Understanding this behavior can help us approach them with kindness and compassion, rather than judgment. And it can also remind us of the importance of teaching our children that it’s okay – even necessary – to feel and express all their emotions, not just the comfortable ones.
In my own journey, I’ve noticed that people who’ve been raised to suppress their emotions often develop a tendency to put others’ needs and feelings above their own.
I believe it’s their way of diverting attention away from their own emotional world. If they’re too busy taking care of everyone else, they won’t have time to confront their own feelings, right?
I’ve seen this in countless friends over the years. They’re always the first ones to lend a hand, offer a shoulder to cry on, or step in to resolve conflicts – often at the expense of their own well-being.
While it’s admirable to be selfless and caring, it’s also important for them (and for us) to remember that our feelings matter too. We all need to make space for our emotions and prioritize self-care.

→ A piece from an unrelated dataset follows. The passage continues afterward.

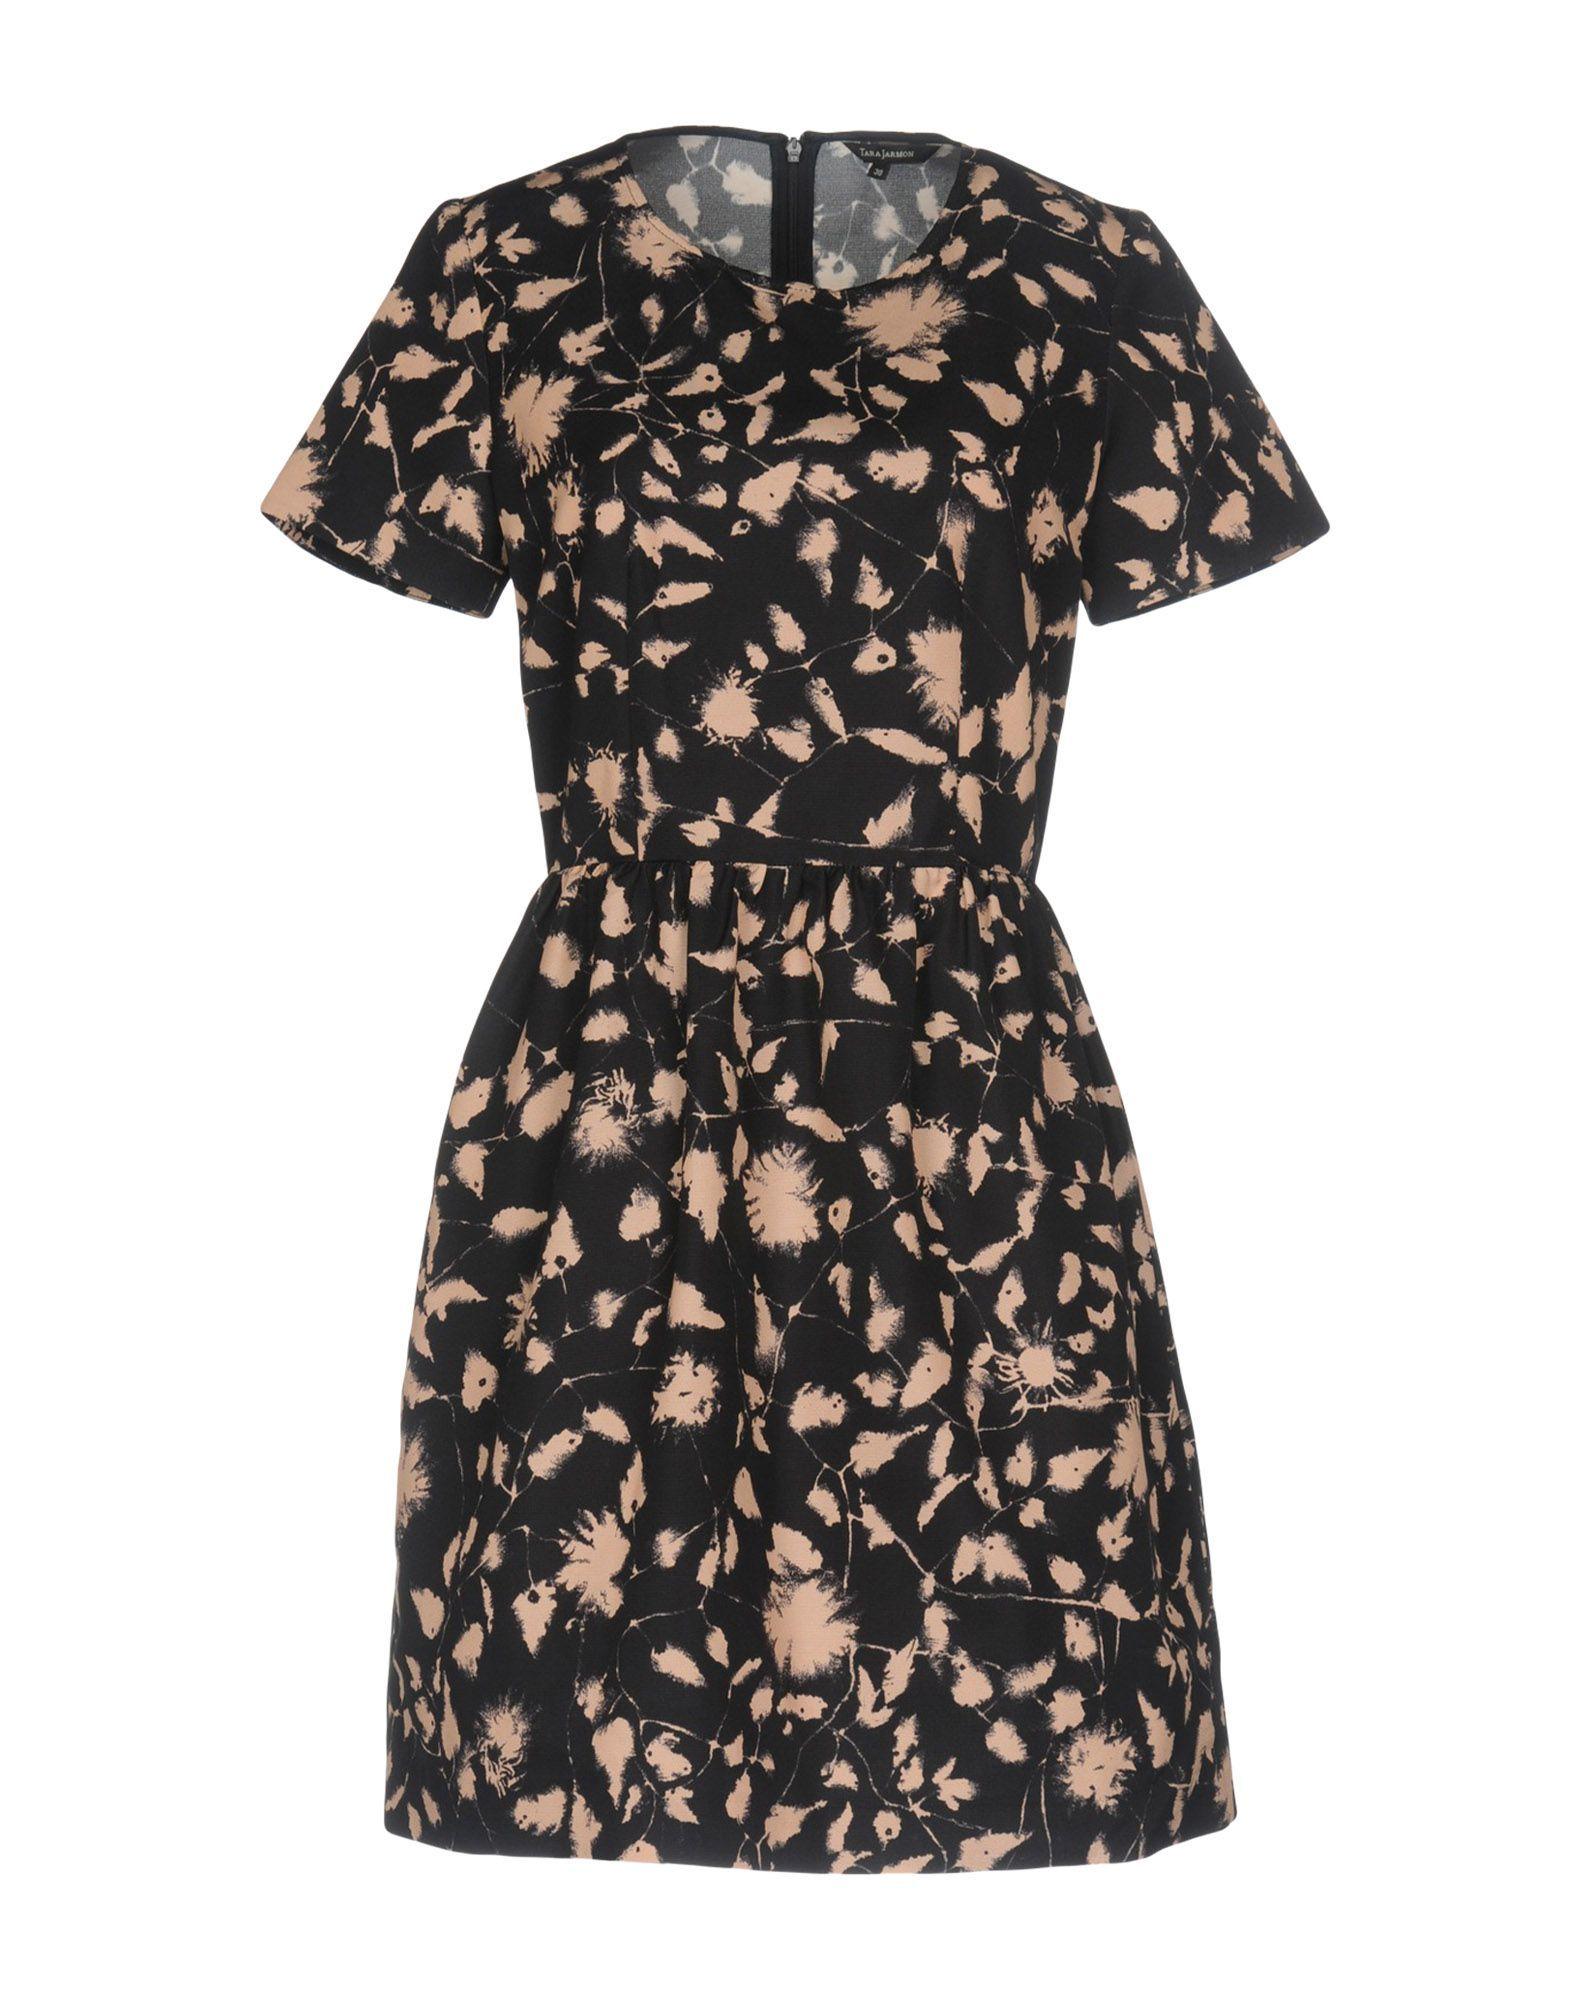 Tara Jarmon Dark Blue Cotton Jacquard Short Sleeve Dress

Because we can’t pour from an empty cup, can we?
Logic and reason are fantastic tools. They help us make sense of the world, solve problems, and make decisions. But when it comes to human emotions, they might not always have all the answers.
People who’ve been brought up to hide their feelings often learn to lean heavily on their logical side. They might turn every emotional issue into a problem to be solved rather than an experience to be felt.
They analyze, dissect, rationalize – all in an effort to keep their emotions at arm’s length.
While this approach might seem efficient on the surface, it can also rob them of the richness and depth that come with truly experiencing our emotions.
Emotional intimacy – the ability to share our deepest feelings, fears, and hopes with another person – is a vital part of any close relationship. But for those who’ve been taught to suppress their emotions, it can feel like a high wall that’s too daunting to climb.
They might have a hard time opening up about their feelings, even to their closest friends or partners. Or they might feel uncomfortable when someone else shares their emotions with them.
It’s not that they don’t value connection or intimacy. It’s just that they’ve been conditioned to view emotions as private, even potentially dangerous territory.
Understanding this can help us approach them with more patience and empathy, while also reminding us of the importance of fostering emotional openness in our own relationships and families.
Those who’ve been raised to suppress their emotions often have a heightened reaction to emotional displays, whether it’s their own or others’. This might seem contradictory at first, but it actually makes perfect sense.
Imagine spending your life carefully containing your emotions, only for them to suddenly spill out. It can feel overwhelming, even terrifying. Similarly, seeing others express their feelings freely can trigger a strong response in them – from discomfort to disbelief.
The key takeaway here is that their reaction isn’t about the emotion itself but about the perceived loss of control. Understanding this can help us respond with empathy and support, rather than surprise or judgment.
If you’ve reached this far in the article, hopefully, you’ll have gained a deeper understanding of the behaviors that reveal someone was raised to suppress their emotions.
These behaviors aren’t signs of weakness or failure. Instead, they are indications of a person’s inner battle – a struggle to reconcile with their own emotions, shaped by their upbringing.
These individuals aren’t just people who’ve learned to suppress their emotions. They’re survivors navigating through life the best way they know how.
If we can understand this, we can approach them with empathy, patience, and kindness. More importantly, we can help to create a world where everyone feels safe to express their emotions freely.
Because as Carl Rogers, one of the most influential psychologists of the 20th century, once said, “The curious paradox is that when I accept myself just as I am, then I can change.”
That acceptance starts with understanding. And understanding starts with us.